34, 36, 43, 46, 47, 48, 48, 52, 53, 54

Box And whisker Plot

I Don't Understand these at all can someone Explain without totally giving me the answer?

http://ellerbruch.nmu.edu/cs255/jnord/boxplot.html

Ty! :)

Certainly! A box and whisker plot is a visual representation of a set of data that helps us understand the distribution and key characteristics of the data. To create a box and whisker plot, you need to follow these steps:

1. Arrange the data in ascending order: In your case, the data is already given in ascending order: 34, 36, 43, 46, 47, 48, 48, 52, 53, 54.

2. Determine the median: Find the middle value of the dataset. If the number of data points is odd, the median is the value exactly in the middle. If the number of data points is even, the median is the average of the two middle values.

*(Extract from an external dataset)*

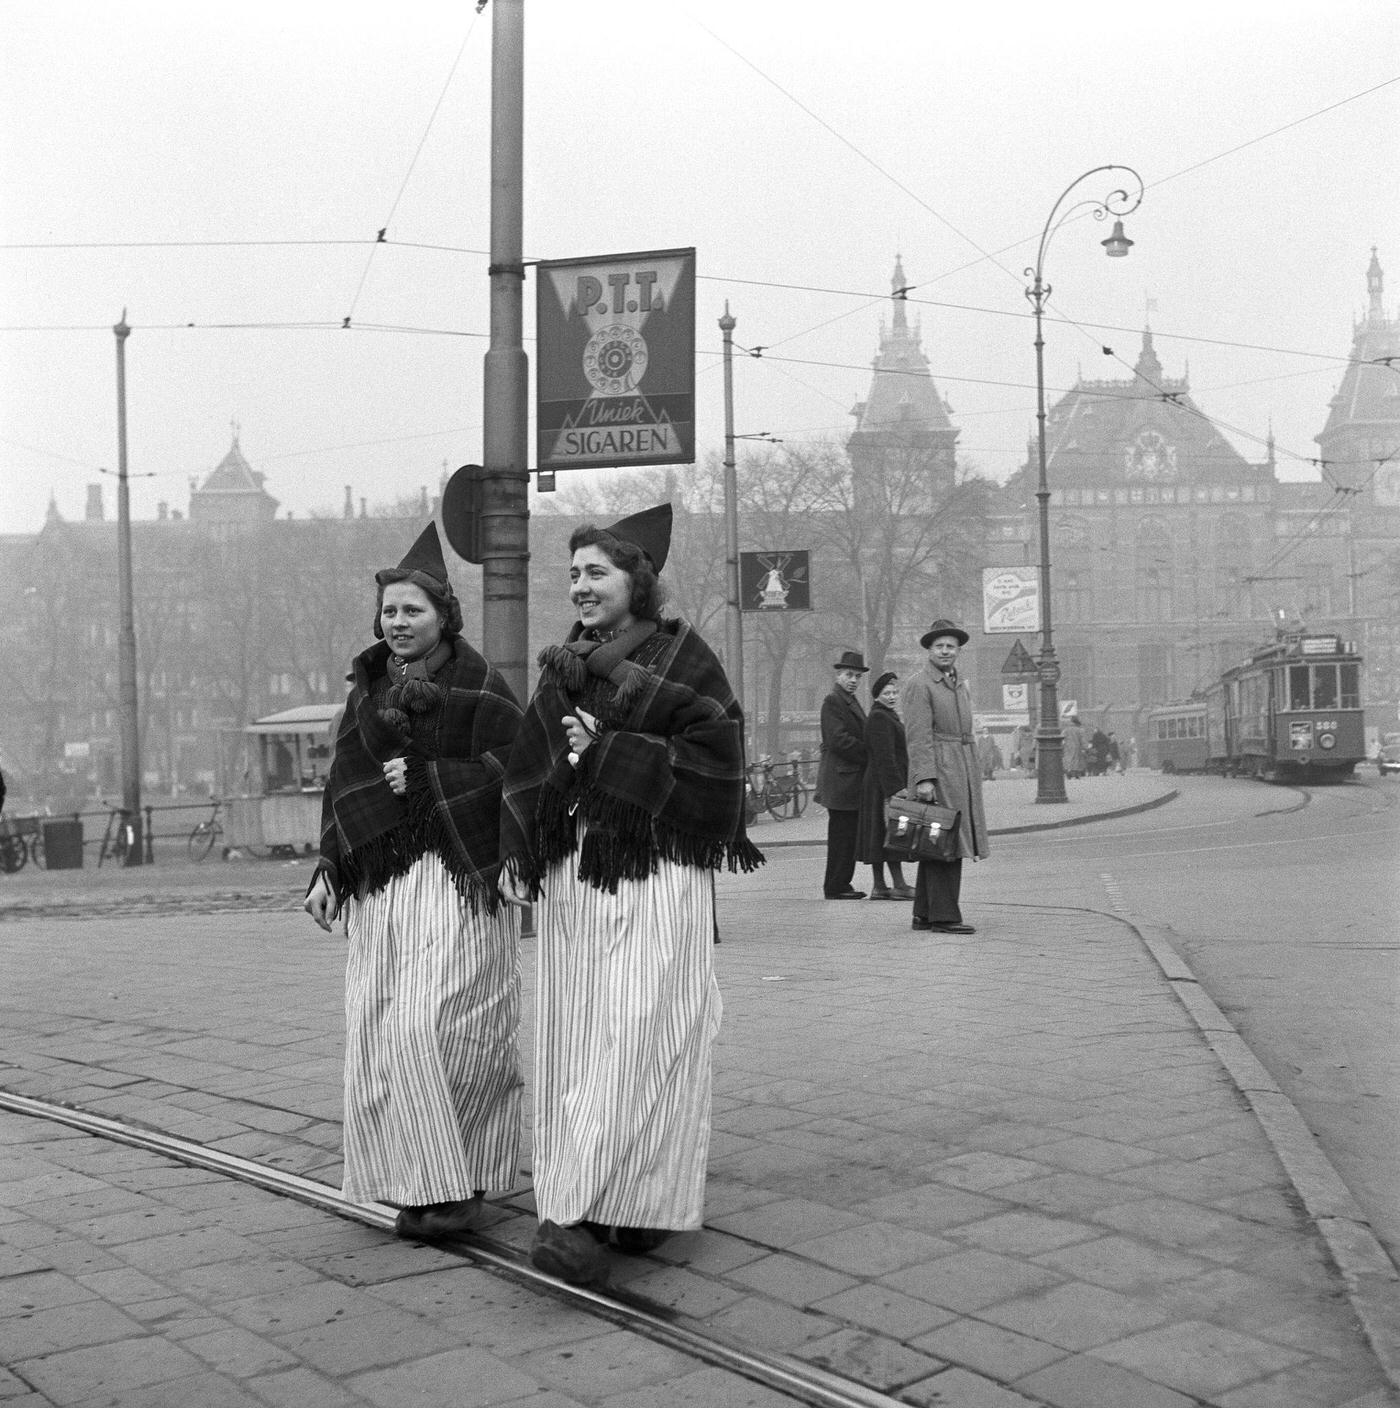 Two young Dutch women walking near the central station, Amsterdam, the Netherlands, 1954.

3. Find the first quartile: The first quartile (Q1) represents the median of the lower half of the data. To find Q1, divide the data into two halves, and find the median of the lower half.

4. Find the third quartile: The third quartile (Q3) represents the median of the upper half of the data. To find Q3, divide the data into two halves, and find the median of the upper half.

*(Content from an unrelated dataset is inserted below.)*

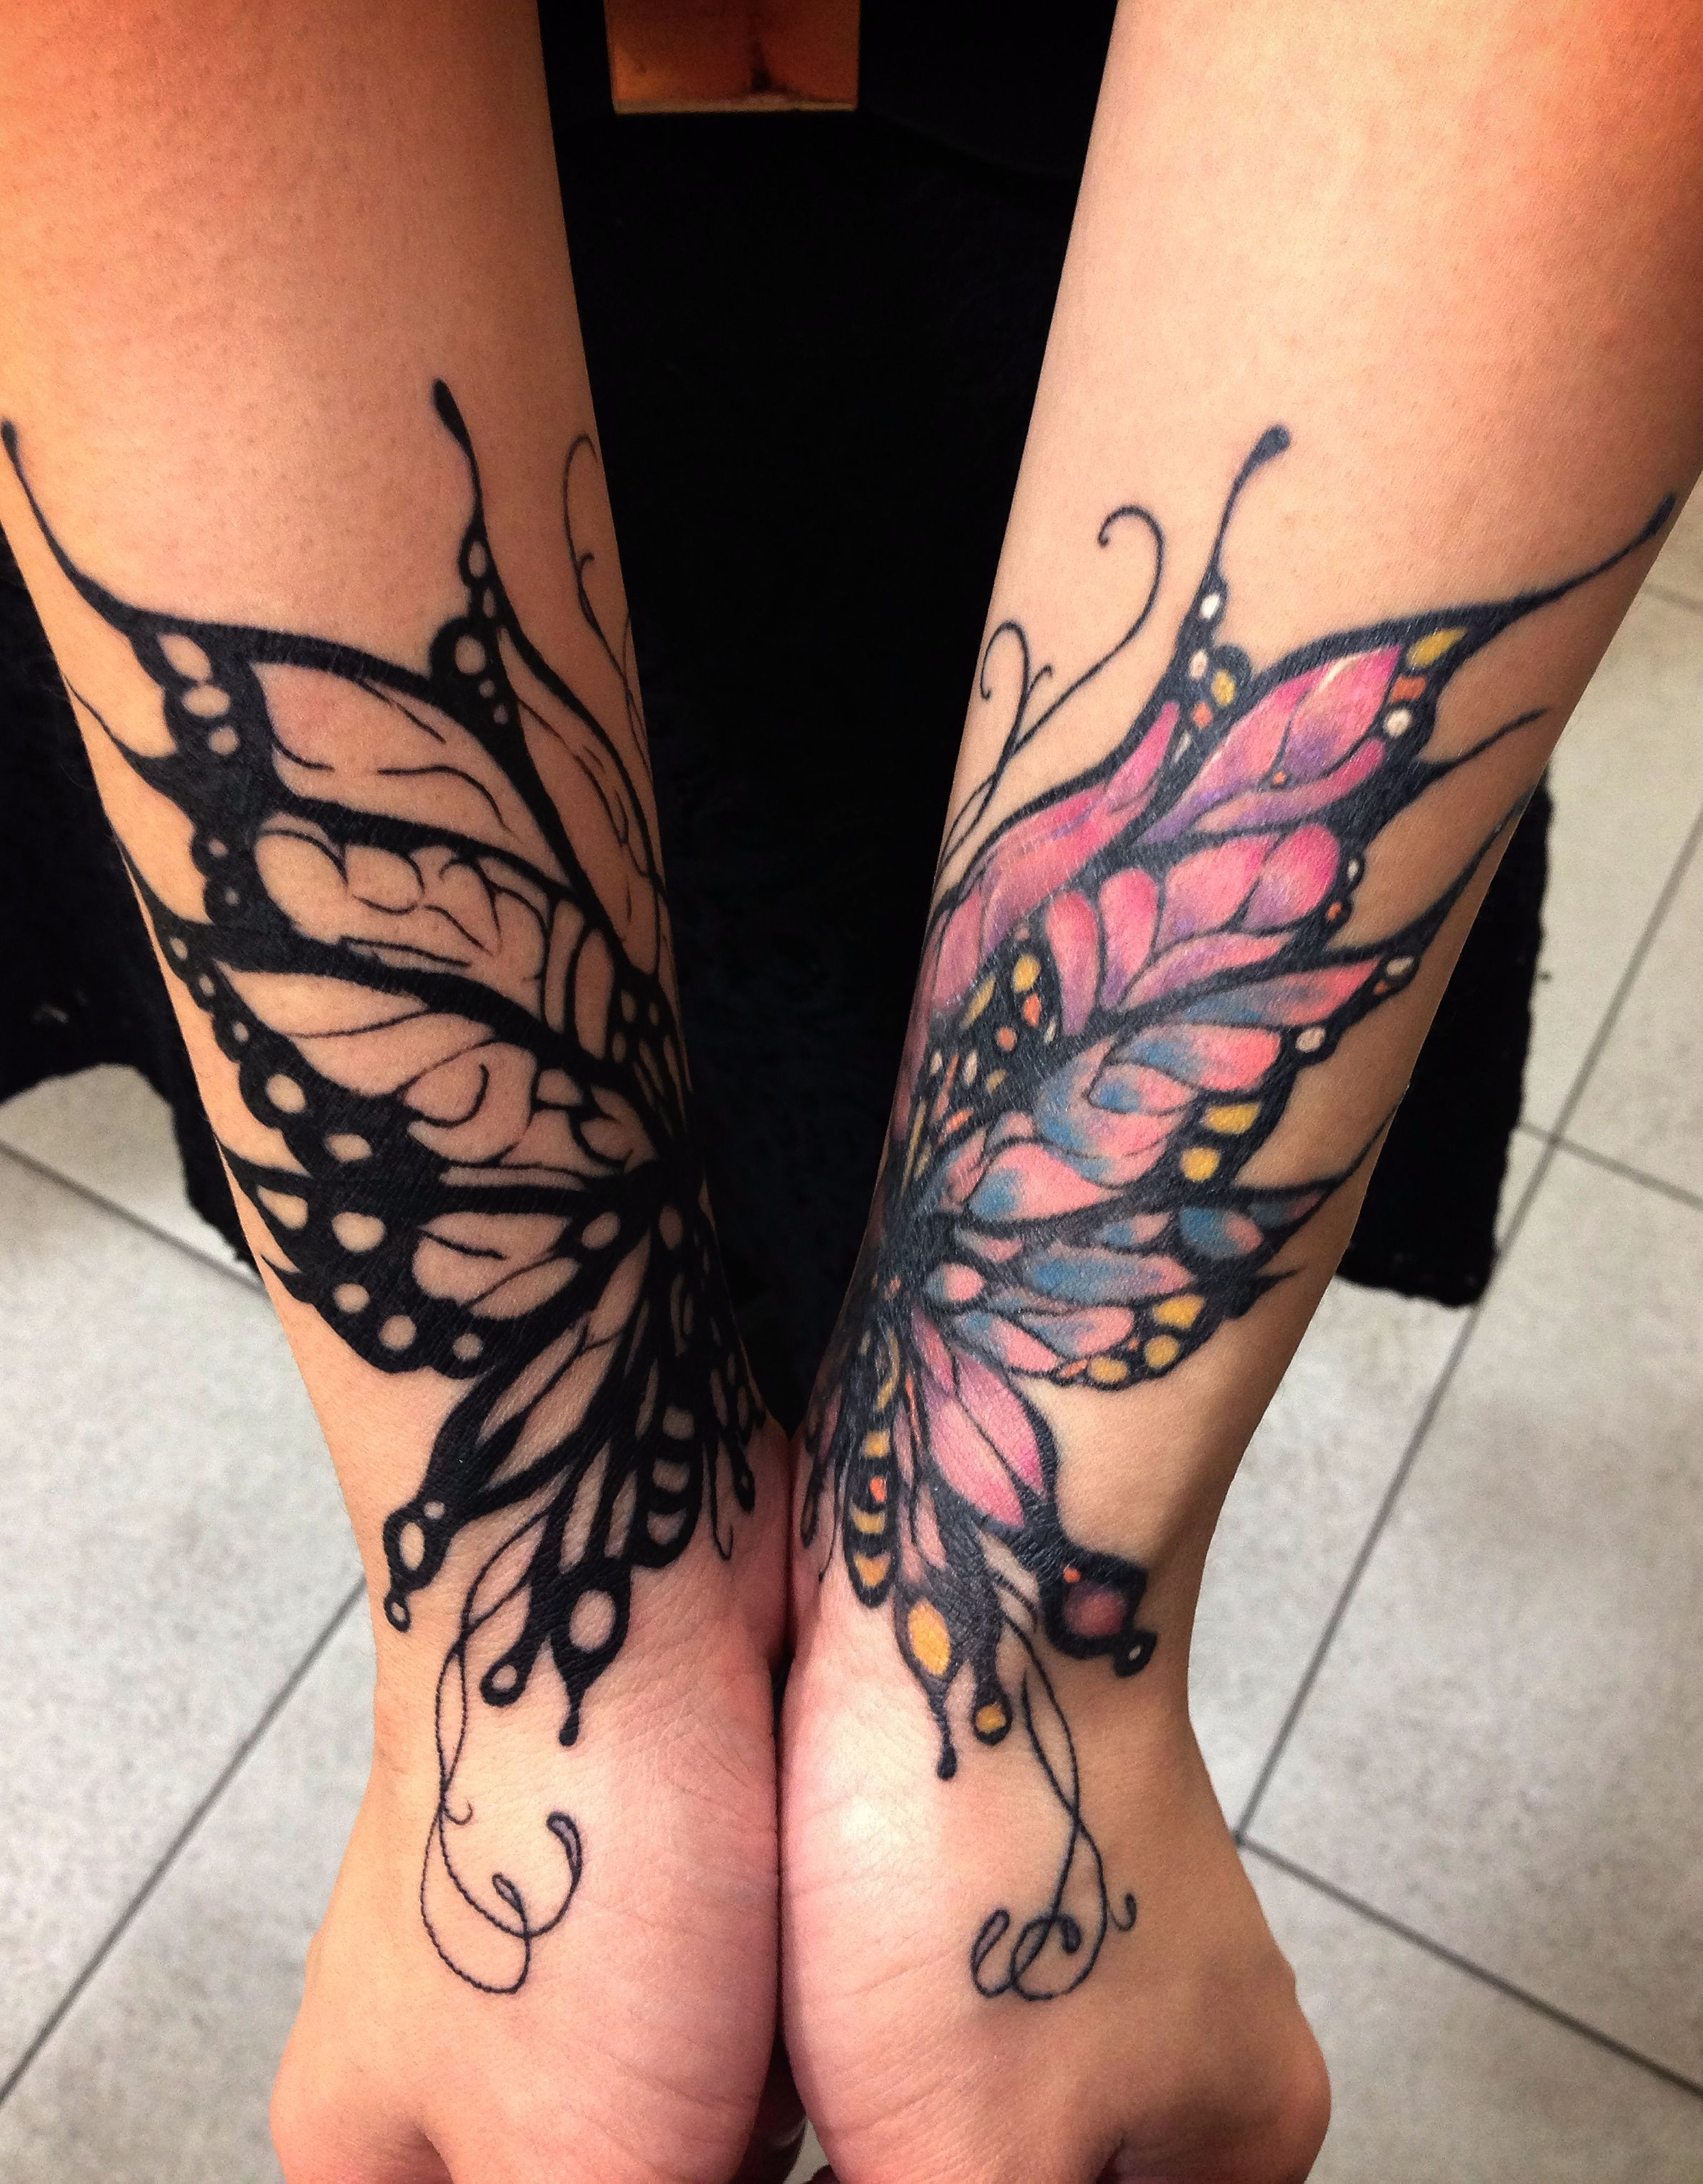 A Salesgirl Butterfly Fairy Tattoo That Im Loving Inspire Fairy within dimensions 2385 X 3059

5. Calculate the interquartile range (IQR): The IQR is the difference between Q3 and Q1. It measures the spread of the middle 50% of the data.

6. Identify any outliers: Outliers are data points that are significantly different from the rest of the data. They can be identified using a specific formula, which compares the values to the IQR.

7. Create the plot: On a number line, draw a horizontal axis and mark the lowest and highest data values. Draw a box from Q1 to Q3, with a horizontal line inside representing the median. Add "whiskers" (vertical lines) extending from Q1 and Q3 to the minimum and maximum values that are not outliers. Finally, mark any potential outliers using dots or asterisks.

By following these steps, you should be able to create a box and whisker plot for the given data set. Remember that the plot provides a visual summary of the data, including measures of central tendency (median) and dispersion (IQR), while also allowing you to identify potential outliers.